Your task is to transcribe all of the data below exactly, omitting the images.

Dataset content —
□ □ □ □

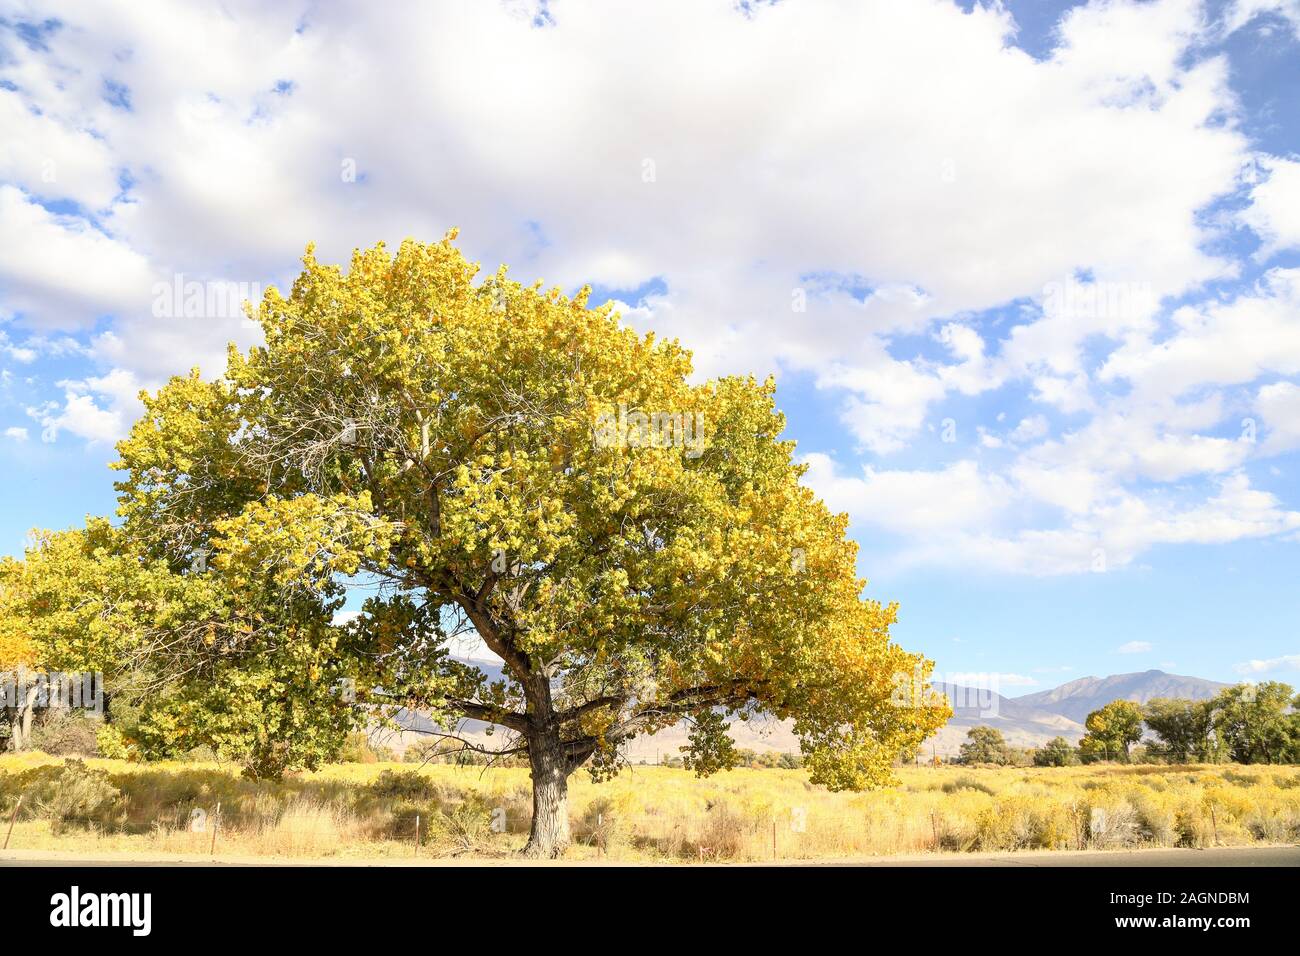 A large tree showing fall colors along the roadside in Bishop, California on a peaceful day. Stock Photo
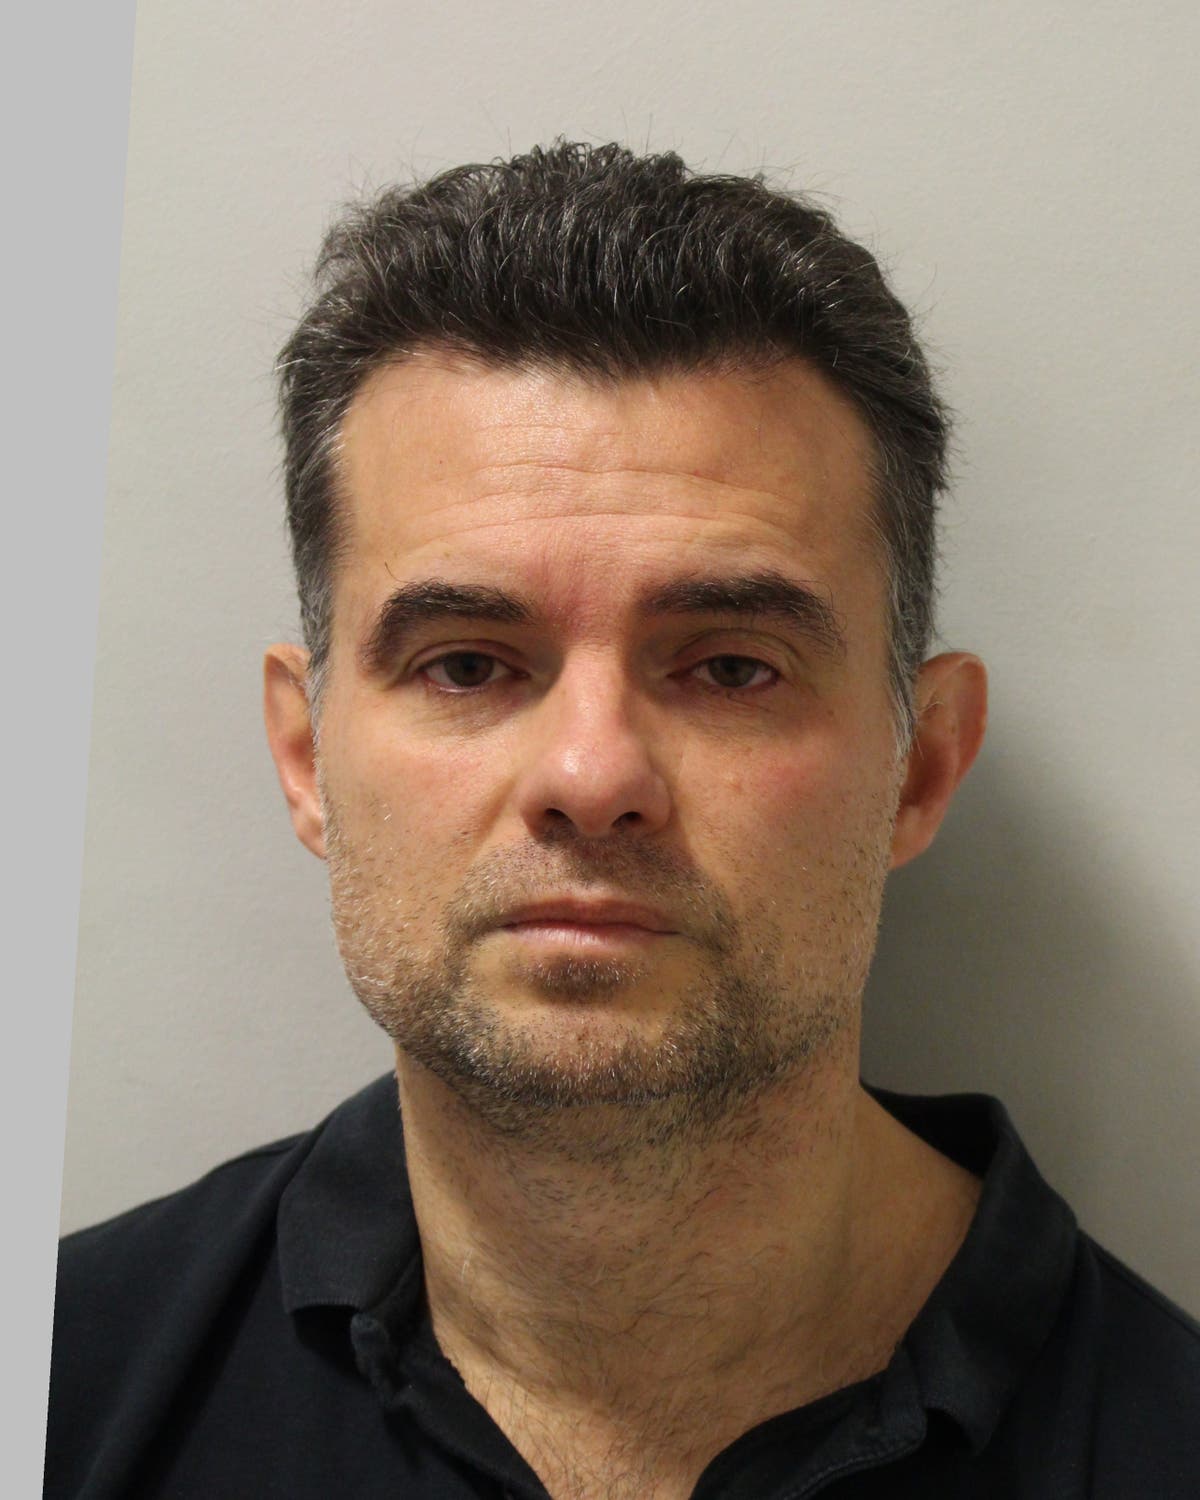 London masseur who assaulted 10 female clients in their homes convicted
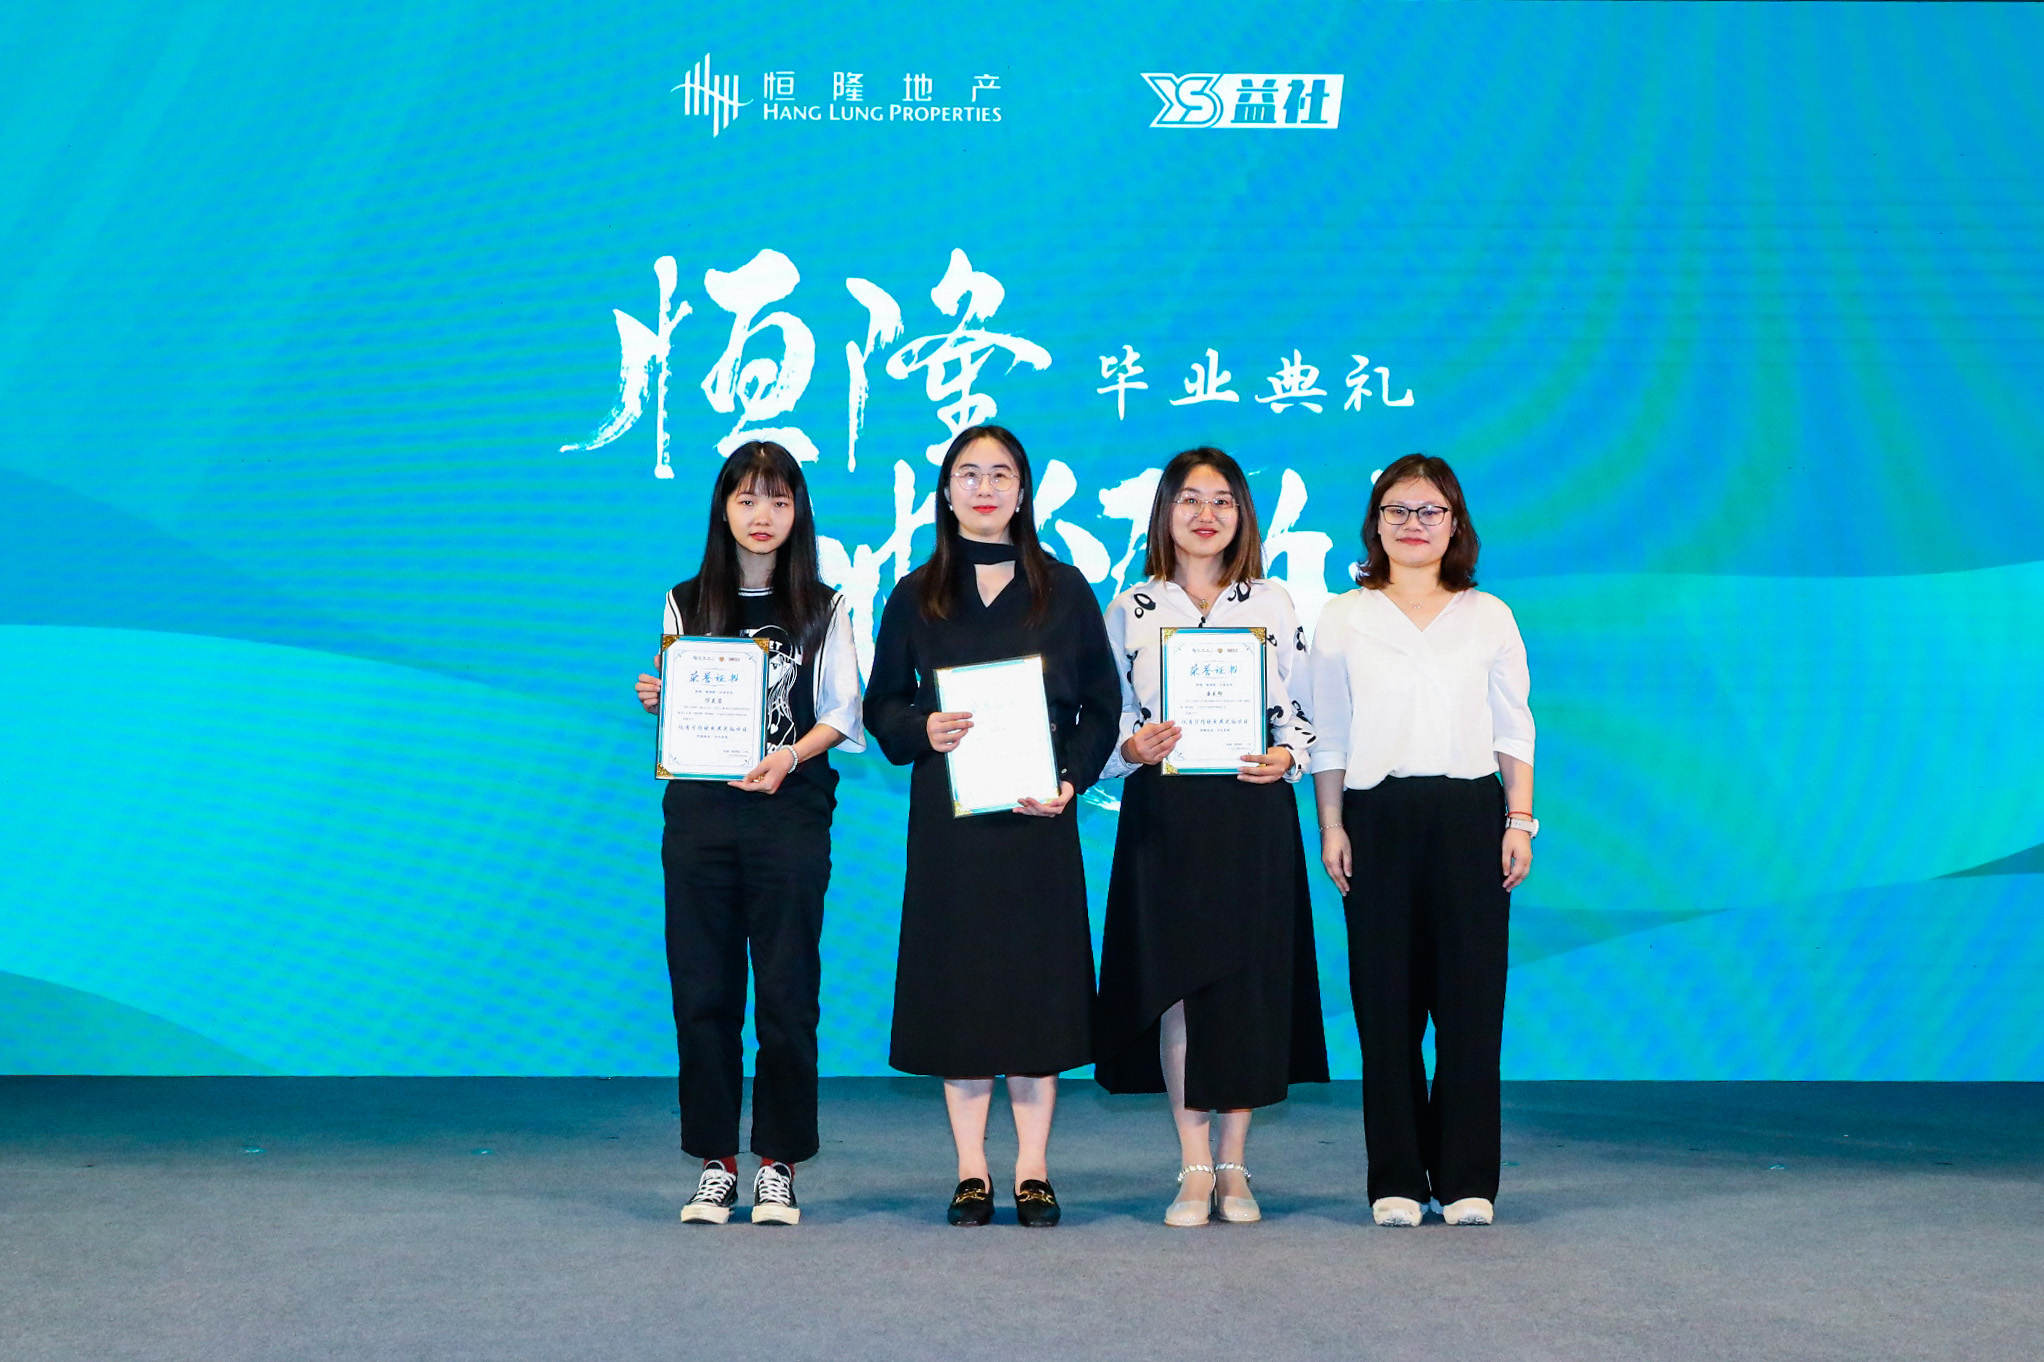 Ms. Chen Yang (far right), Deputy Secretary of Jing'an Youth League Committee, presents awards to the Outstanding Sustainable Community Project teams

□ □ □ □

Answer box —
 A large tree showing fall colors along the roadside in Bishop, California on a peaceful day. Stock Photo
 London masseur who assaulted 10 female clients in their homes convicted
 Ms. Chen Yang (far right), Deputy Secretary of Jing'an Youth League Committee, presents awards to the Outstanding Sustainable Community Project teams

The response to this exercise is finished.